1. Forbearance for Stopping Foreclosure:
A forbearance is a form of Short Sale Re that many homeowners have already taken if they’re struggling to pay their mortgage. While many have been laid off or furloughed, their mortgages still need to be paid, and if you’re reading this, it likely means that you are needing help with Short Sale Re. If you’ve called your lender and requested assistance, they likely gave you the option of forbearance. Most lenders are able to or required to assist homeowners through a form of Short Sale Re known as forbearance, but what is it?
What is A Forbearance?
Forbearance, in simple terms, is the postponement of mortgage payments for a set amount of time. Meaning if you can prove to your lender that you are under financial stress, you can stop paying your mortgage for a set amount of time.

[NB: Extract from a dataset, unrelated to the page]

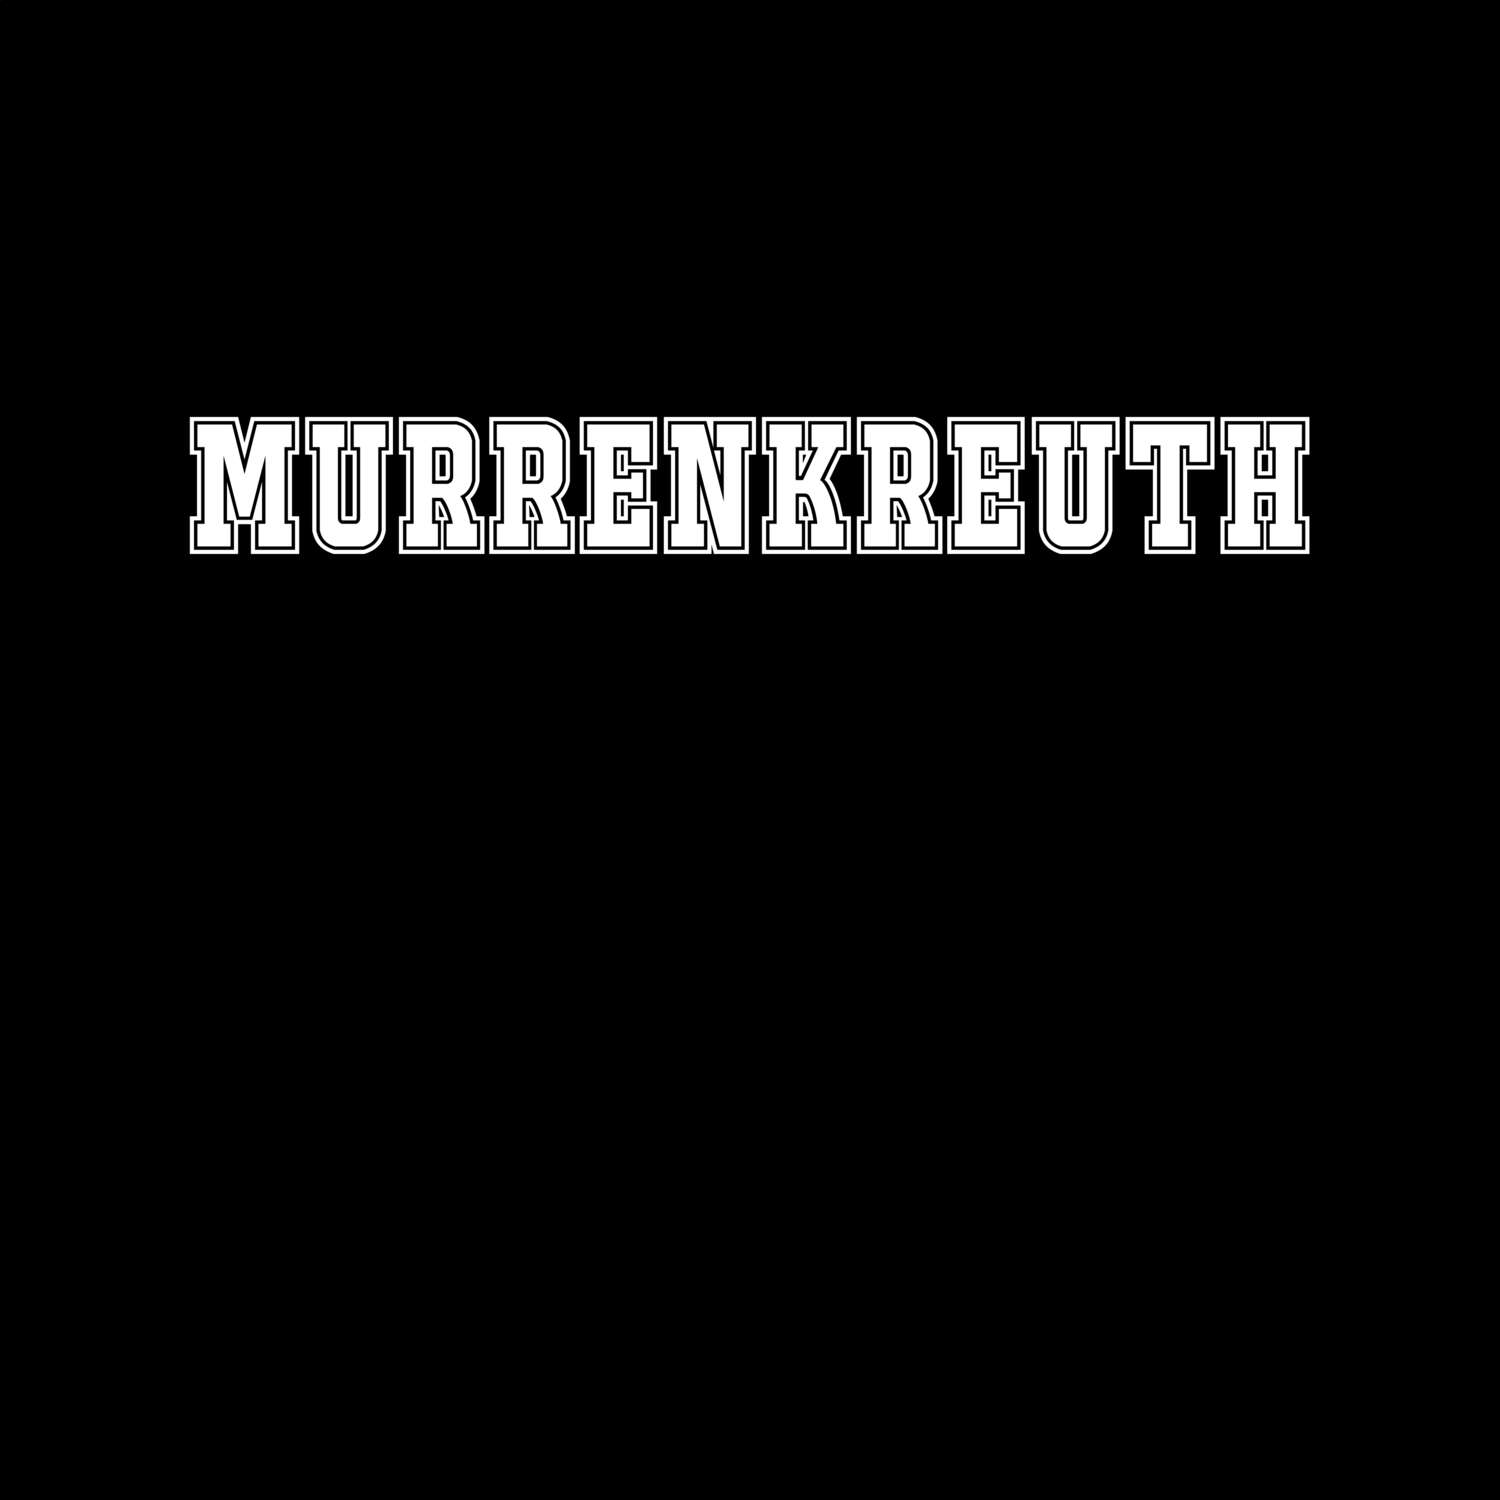 Murrenkreuth T-Shirt »Classic«

While this is appealing, most homeowners who go into forbearance end up going into foreclosure because they aren’t able to save up for the lump sum payment due once forbearance comes to an end.

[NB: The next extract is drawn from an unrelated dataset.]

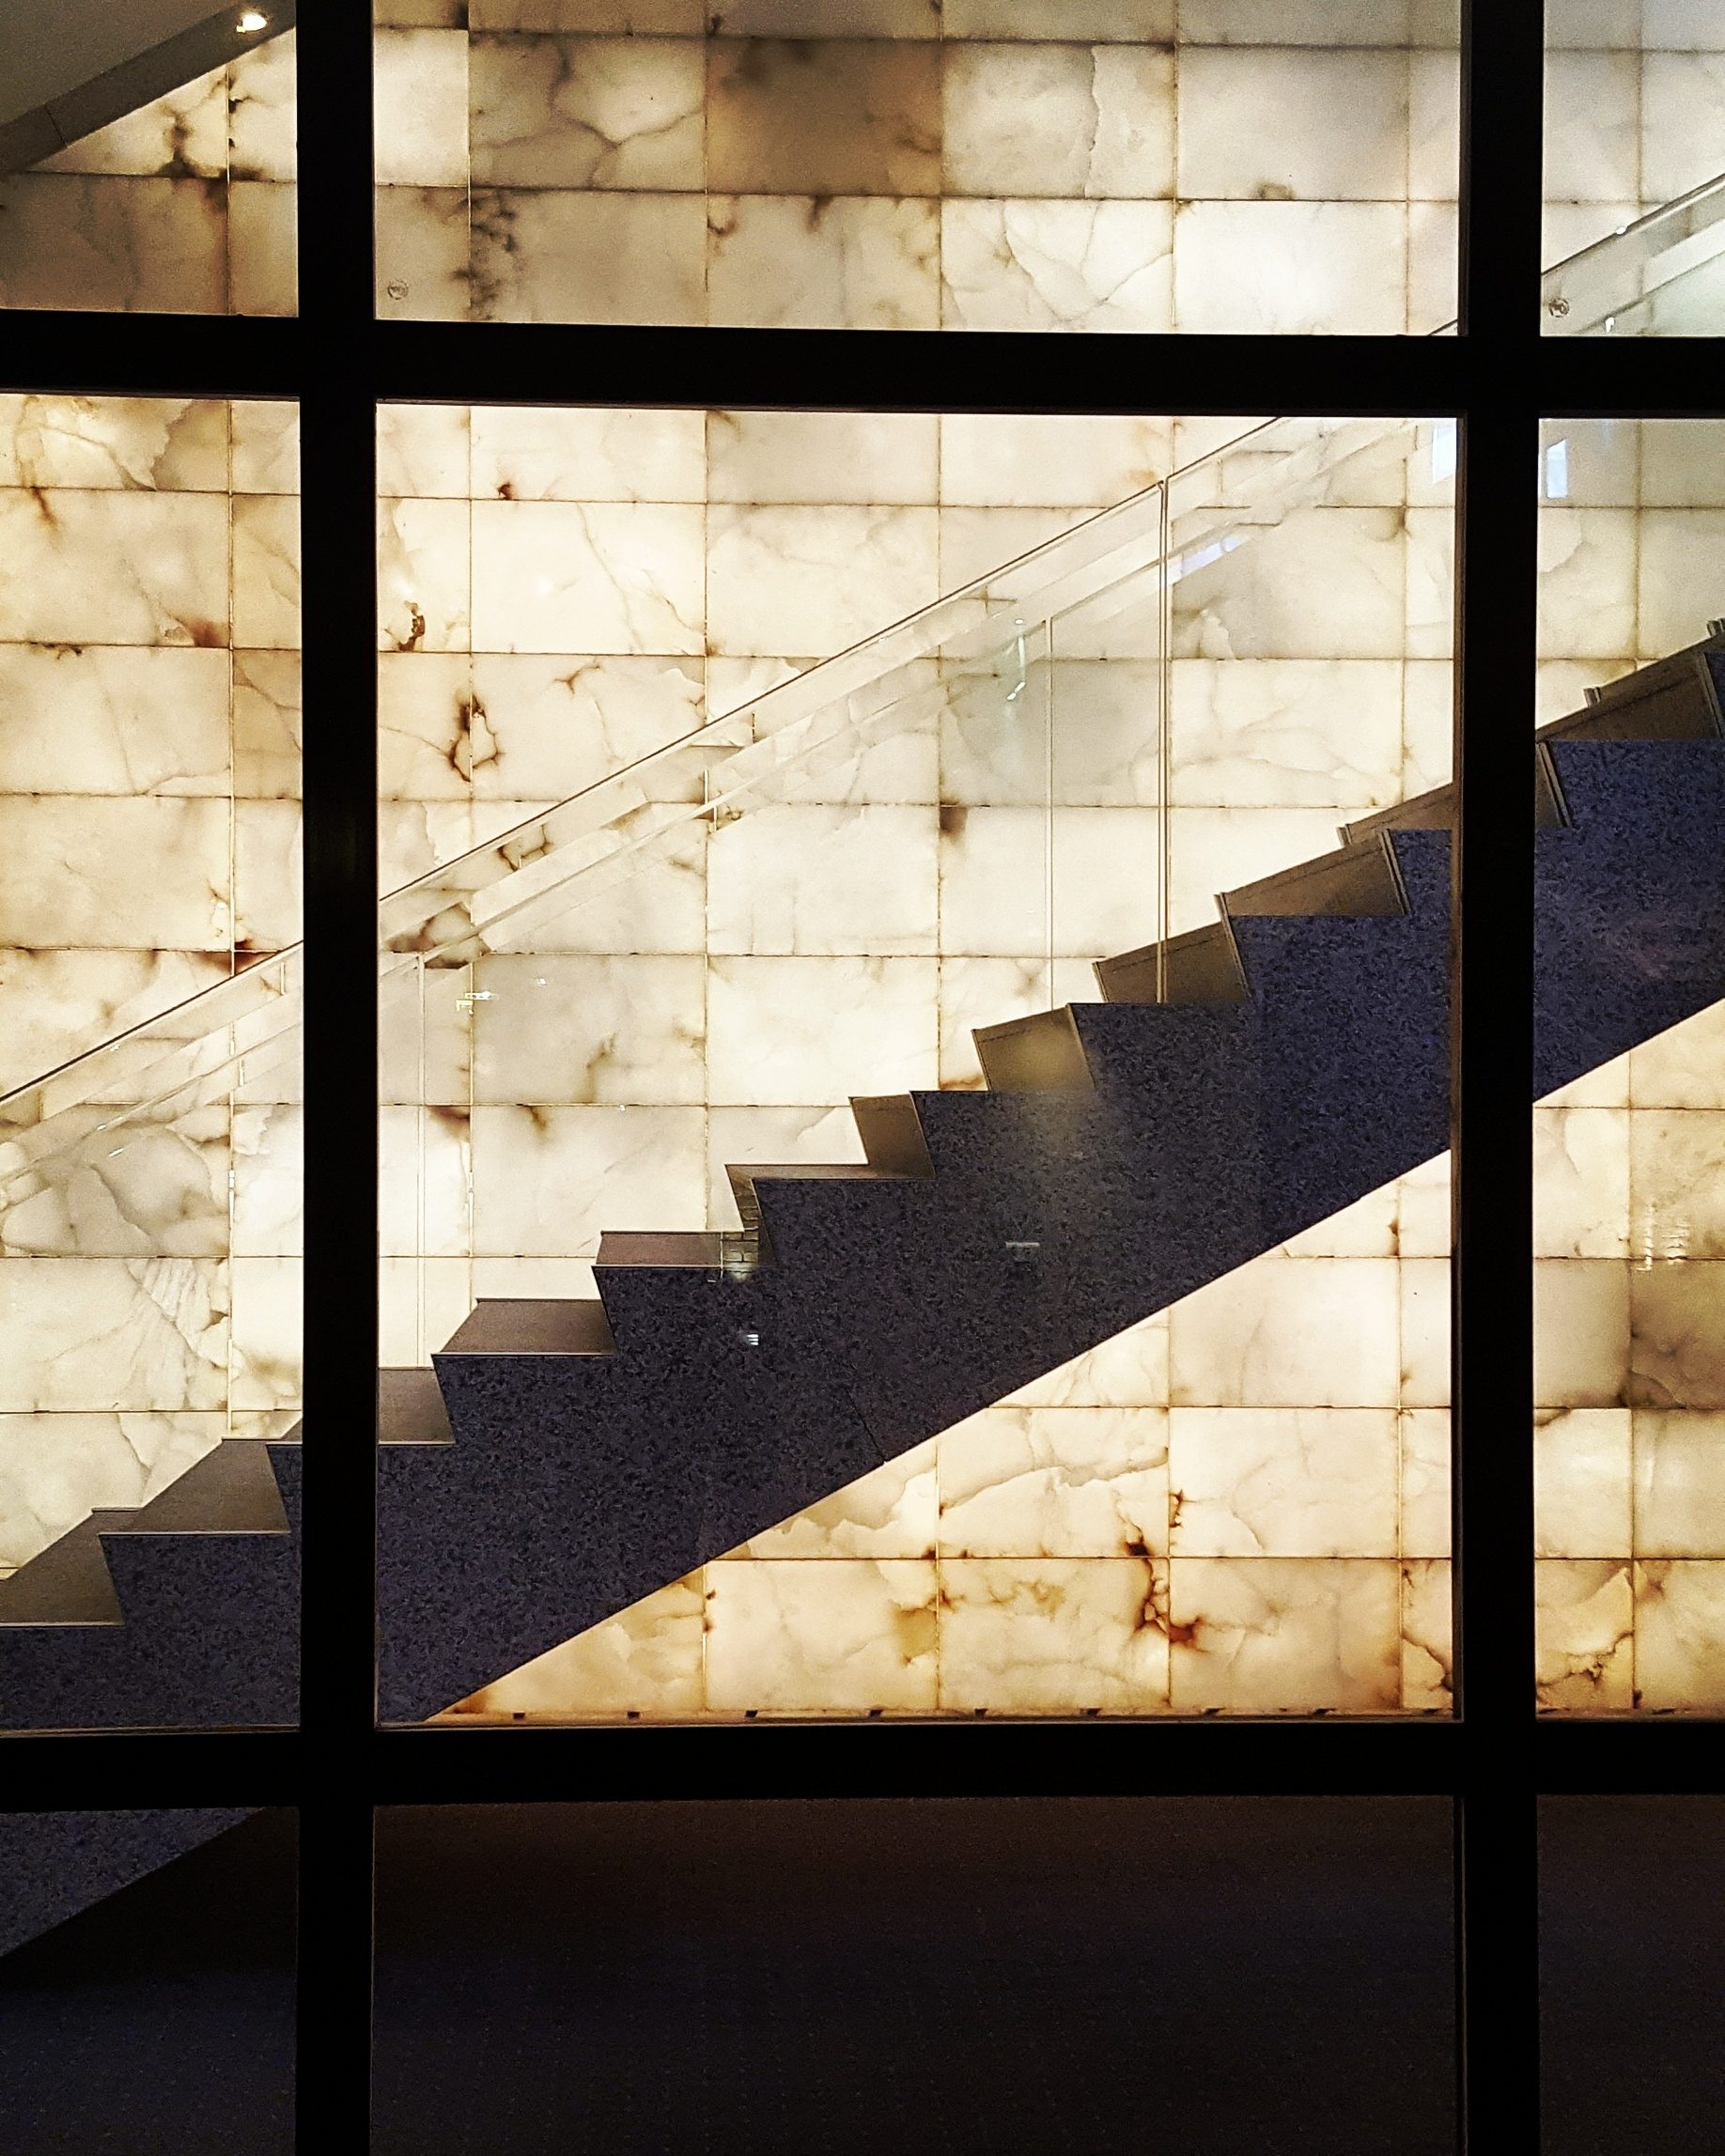 Vichy la magnifique/aufildeslieux.fr/Escalier en granite menant au restaurant du Palais des congrès©K.Hibbs

Yes, you read that right… Once forbearance comes to an end; generally, the sum of the missed payments is due. Meaning all of the money, the principal, and interest that you haven’t paid while in forbearance is often due after forbearance is up. So while it can give you temporary relief, it doesn’t often end up allowing you to get the relief you need because the payments are still due in their entirety. Currently, the CARES act is offering a type of forbearance that doesn’t allow lenders to require a lump sum payment once forbearance is up.

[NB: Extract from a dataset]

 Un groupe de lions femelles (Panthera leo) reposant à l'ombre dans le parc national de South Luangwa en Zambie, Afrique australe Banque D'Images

In most cases, pre-COVID-19 or unrelated to COVID-19, forbearance does not extend the timeline of your loan, and it does not allow you to truly “skip” any payments. It only serves as a temporary dampening to the distressed homeowner.
If you’re in forbearance and feeling scared about the upcoming lump-sum payment, please contact us immediately for help in starting the process of a short sale. If you are in forbearance under the protection of the CARES act and feel like you’re going to be unable to resume payments once forbearance is up, please contact us immediately. We at mortgage-relief.com are experts at helping distressed homeowners find confidence and options to get Short Sale Re, specifically through short sales. Later in this article, we’ll talk about what a short sale is and exactly how to start the process.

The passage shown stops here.